Savannah Close to Implementing Long-Term Solution for Bio-solids Facility Odor Issue
Savannah, GA (1/9/2020) - In May 2019, Savannah City Council approved the emergency purchase of an odor control system for the President Street Bio-Solids Facility; that was meant to be a temporary solution, to buy time to come up with a permanent solution.The permanent odor control solution, which has been installed, is a two-stage chemical scrubber made from fiberglass reinforced plastic which includes a mist eliminator for each stage, blower, supply and interconnecting duct work, chemical re-circulation system, and instrumentation and local control panel.

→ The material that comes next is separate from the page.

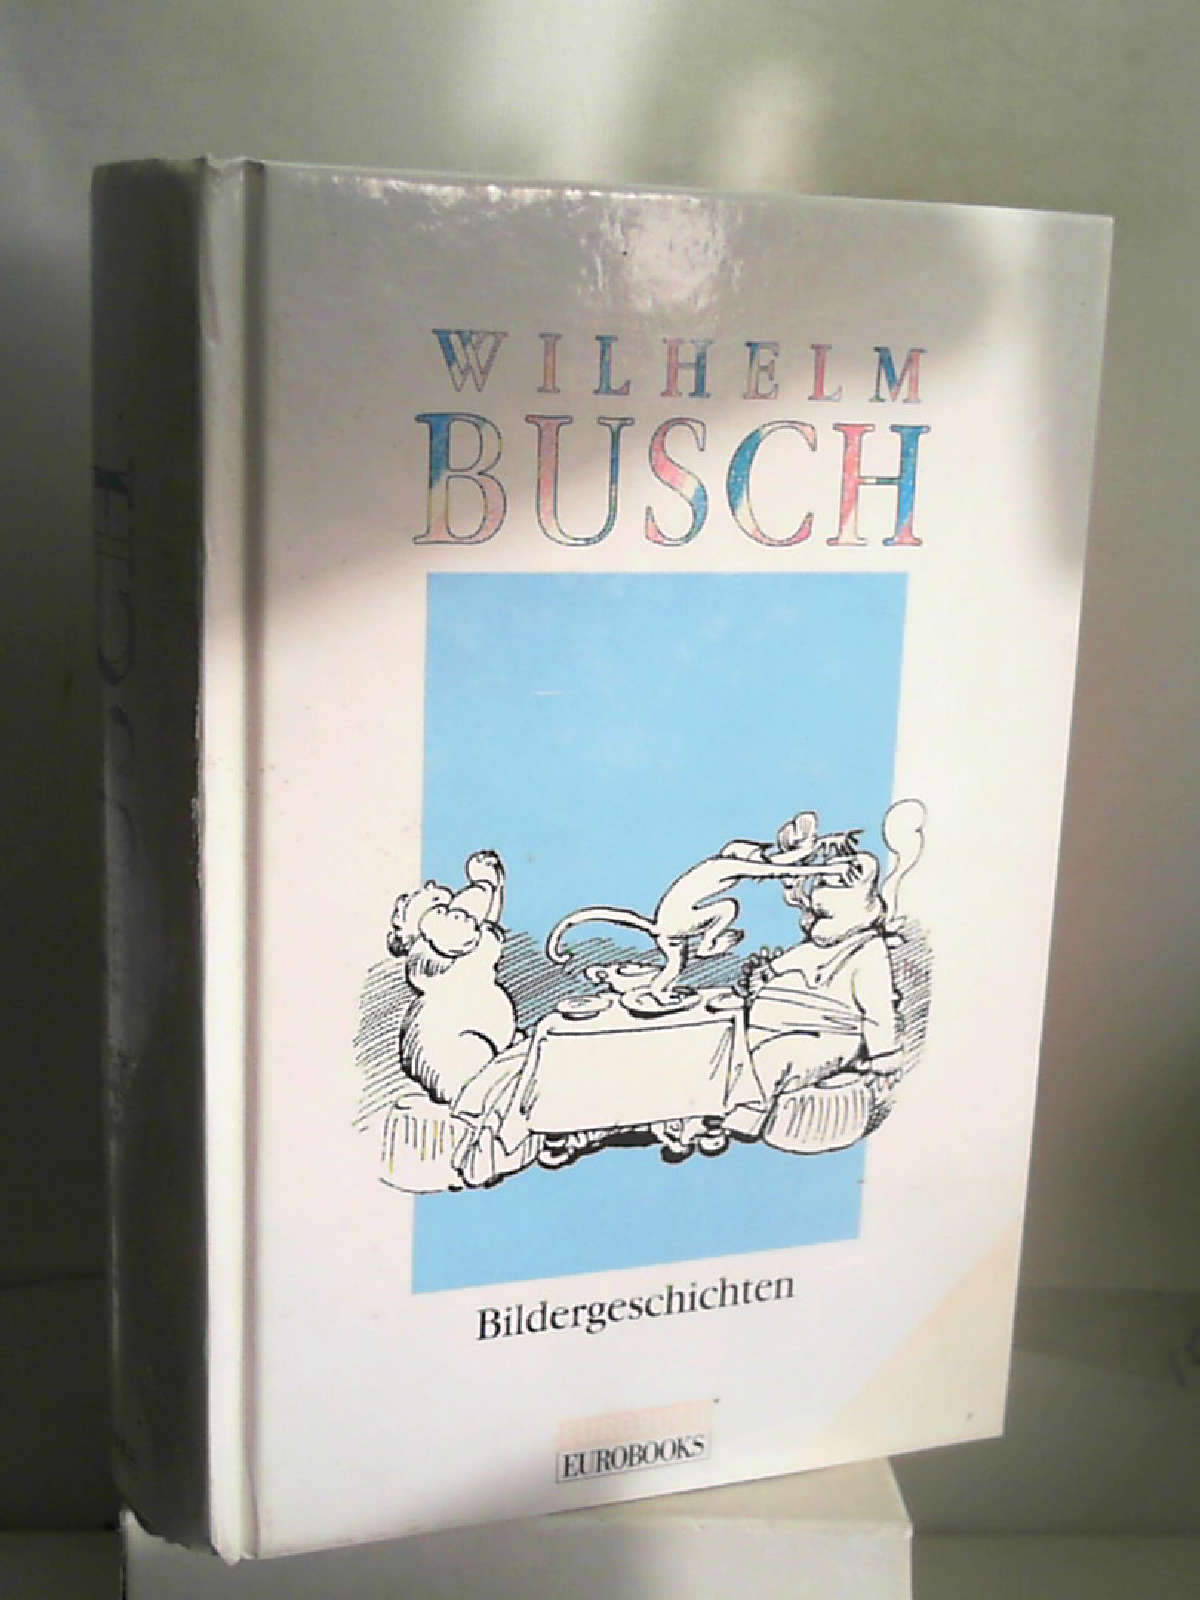 Bildergeschichten [Hardcover] Wilhelm Busch - Wilhelm Busch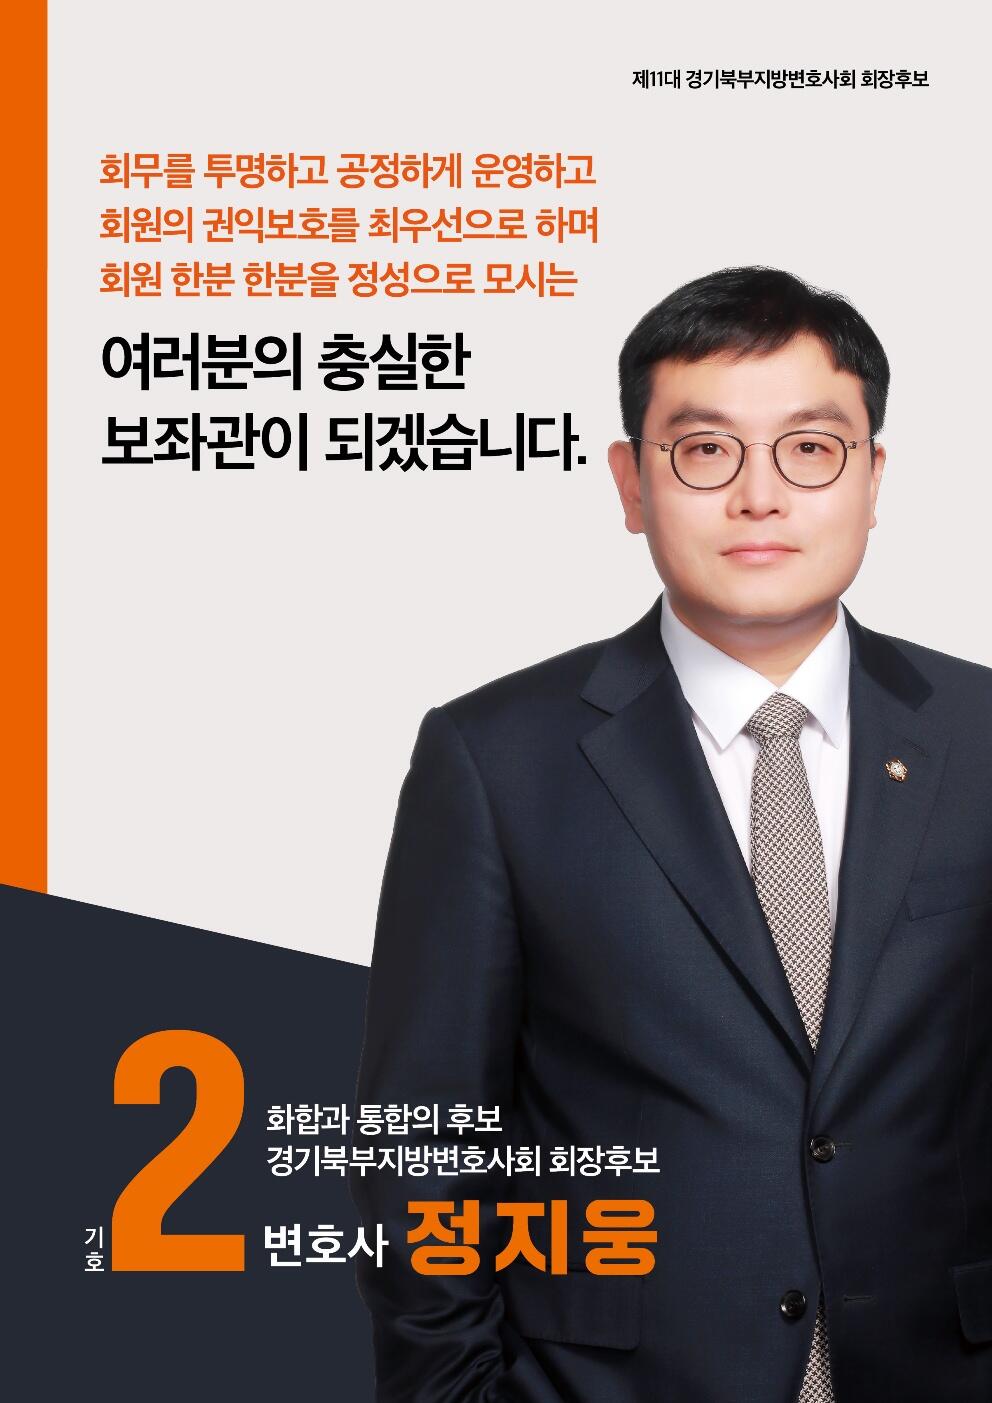 경기북부지방변호사회 회장에 당선된 정지웅 변호사

PFAS Filtration System Explained
Marinette, WI (1/10/2020) - Tyco Fire Products LP invited government officials from the City of Marinette, City of Peshtigo and Town of Peshtigo to tour a Marinette facility that houses a Granular Activated Carbon (GAC) filtration system for PFAS compounds. The facility offers a look into the technology and machinery that local communities could use to address PFAS contamination.

Infamous ‘Poop Train’ Could Roll Back into West Jefferson County
Birmingham, AL (1/7/2020) - Biosolids from New York may be hauled to Big Sky Environmental once again. After the outcry of residents complaining about the smell of the biosolids that sat on the train tracks near Big Sky in 2017, residents are concerned about the potential of it happening again. Biosolids are considered fertilizer which cannot be refused entrance into the state. The Alabama Department of Environmental Management has called a hearing to make changes to the state’s solid waste program.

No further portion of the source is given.